Employment Agreement
Exhibit 99.1
This Employment Agreement (the “Agreement”) is made and entered into as of April 20, 2016, by and between Xxx Xxxxx (the “Executive”) and TANGOE, INC., a Delaware corporation (the “Company”).
WHEREAS, the Company (in accordance with the determination by the Company’s Board of Directors (the “Board”) and its President and Chief Executive Officer) desires to employ the Executive on the terms and conditions set forth herein; and
WHEREAS, the Executive desires to be employed by the Company on such terms and conditions.
NOW, THEREFORE, in consideration of the mutual covenants, promises and obligations set forth herein, the parties agree as follows:
1. Term. The Executive’s employment hereunder shall be effective as of Monday April 25, 2016 (the “Effective Date”), subject to satisfying the requirements in Section 16 and shall continue until terminated by either party pursuant to Section 4 of this Agreement. The Executive shall be a temporary employee, to serve in the position described in Section 2.1 below while the Company engages in a search for a permanent employee to serve in that position, and the Executive’s employment is expected to extend for a period of two (2) to six (6) months from the Effective Date. The period during which the Executive is employed by the Company hereunder is hereinafter referred to as the “Employment Term”. The Executive is an at will employee, and as such his employment may be terminated at any time, without or without cause or reason, in the Company’s absolute discretion, subject to the giving of notice as provided in Section 4 below.
2. Position and Duties.
2.1 Position. During the Employment Term, the Executive shall serve as the interim Chief Financial Officer (“Interim CFO”) and serving as the Principal Financial and Accounting Officer of the Company, reporting to the Company’s President and Chief Executive Officer and to the Board. In such position, the Executive shall have such duties, authority and responsibility as shall be determined from time to time by the Board, which duties, authority and responsibility are consistent with the Executive’s position and including but not limited to those specified on Annex A hereto.

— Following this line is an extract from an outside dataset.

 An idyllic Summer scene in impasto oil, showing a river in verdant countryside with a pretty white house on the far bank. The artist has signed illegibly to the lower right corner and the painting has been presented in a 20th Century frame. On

2.2 Duties. The Interim CFO position is a full-time position. While rendering services to the Company as Interim CFO, the Executive will not engage in any other business, profession or occupation for compensation or otherwise which would conflict or interfere with the performance of such services either directly or indirectly without the prior written consent of the Board. Notwithstanding the foregoing, the Executive will be permitted to act or serve as a director, trustee or committee member of any type of civic or charitable organization; provided that, these activities do not interfere with the performance of the Executive’s duties and responsibilities to the Company as provided hereunder, including, but not limited to, the obligations set forth in Section 2 hereof.

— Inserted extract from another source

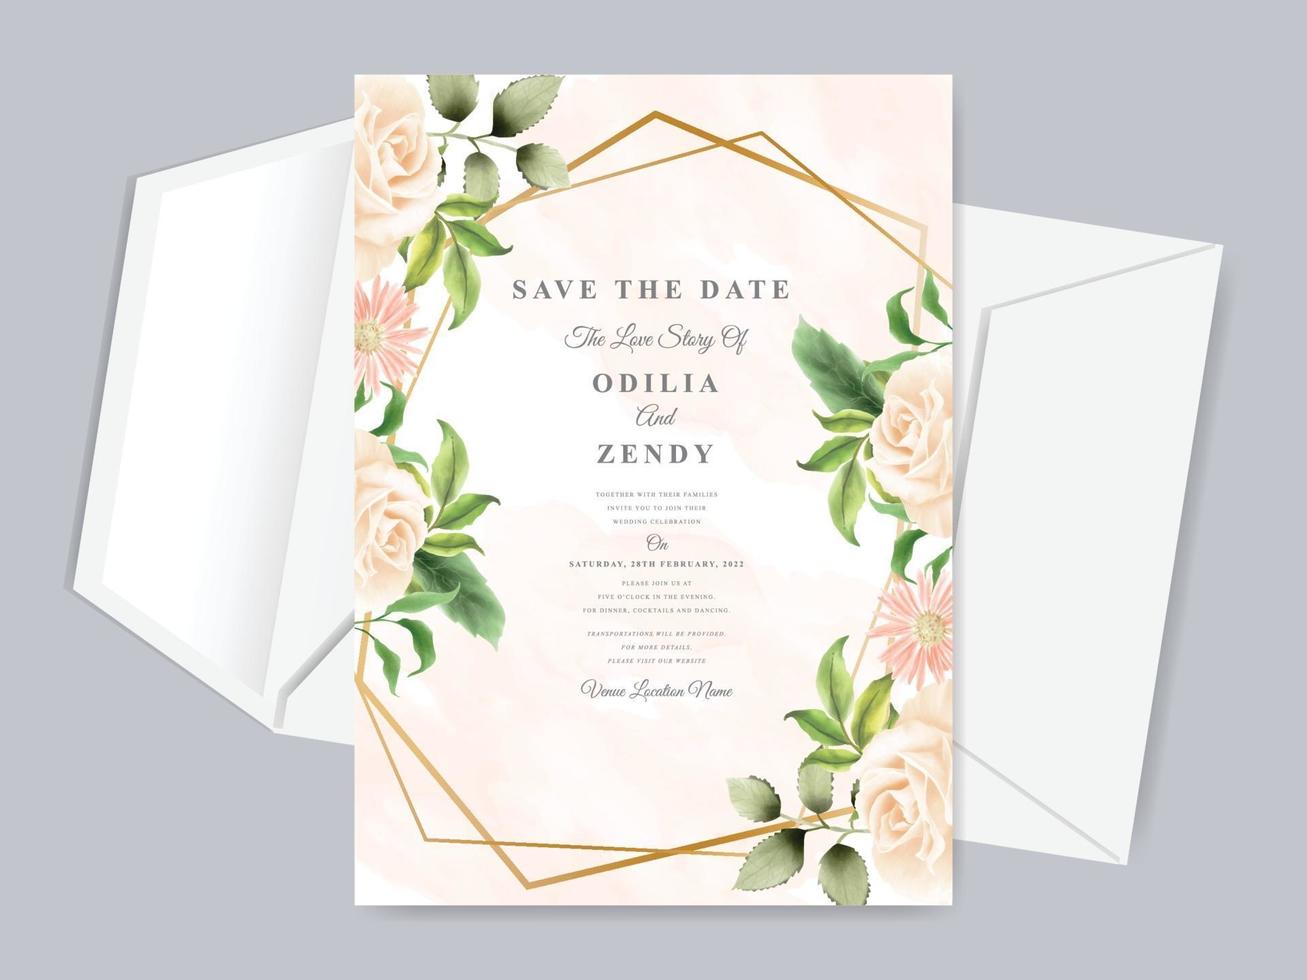 Beautiful floral hand drawn wedding save the date invitation card template vector

3. Place of Performance. The principal place of Executive’s employment shall be the Company’s principal executive office currently located in Orange, Connecticut; provided that, the Executive may be required to travel on Company business during the Employment Term. The Executive commits to working at the principal executive office at least four days per work week. The Company will pay or reimburse him for reasonable expenses of travel between his residence and the principal executive office, for lodging, and for meals while performing services at the corporate offices (subject to a budget to be approved with the Board). The Company will work with Executive to structure such payments and reimbursements as nontaxable to him but he remains responsible for the income taxes with respect to payments and reimbursements, if any, that are taxable.
4. Compensation.
4.1 Base Salary. The Company shall pay the Executive $50,000 per month (annualizing if employed for a year to $600,000) paid biweekly in accordance with the Company’s customary payroll practices. The Executive’s annual base salary, as in effect from time to time, is hereinafter referred to as “Base Salary”.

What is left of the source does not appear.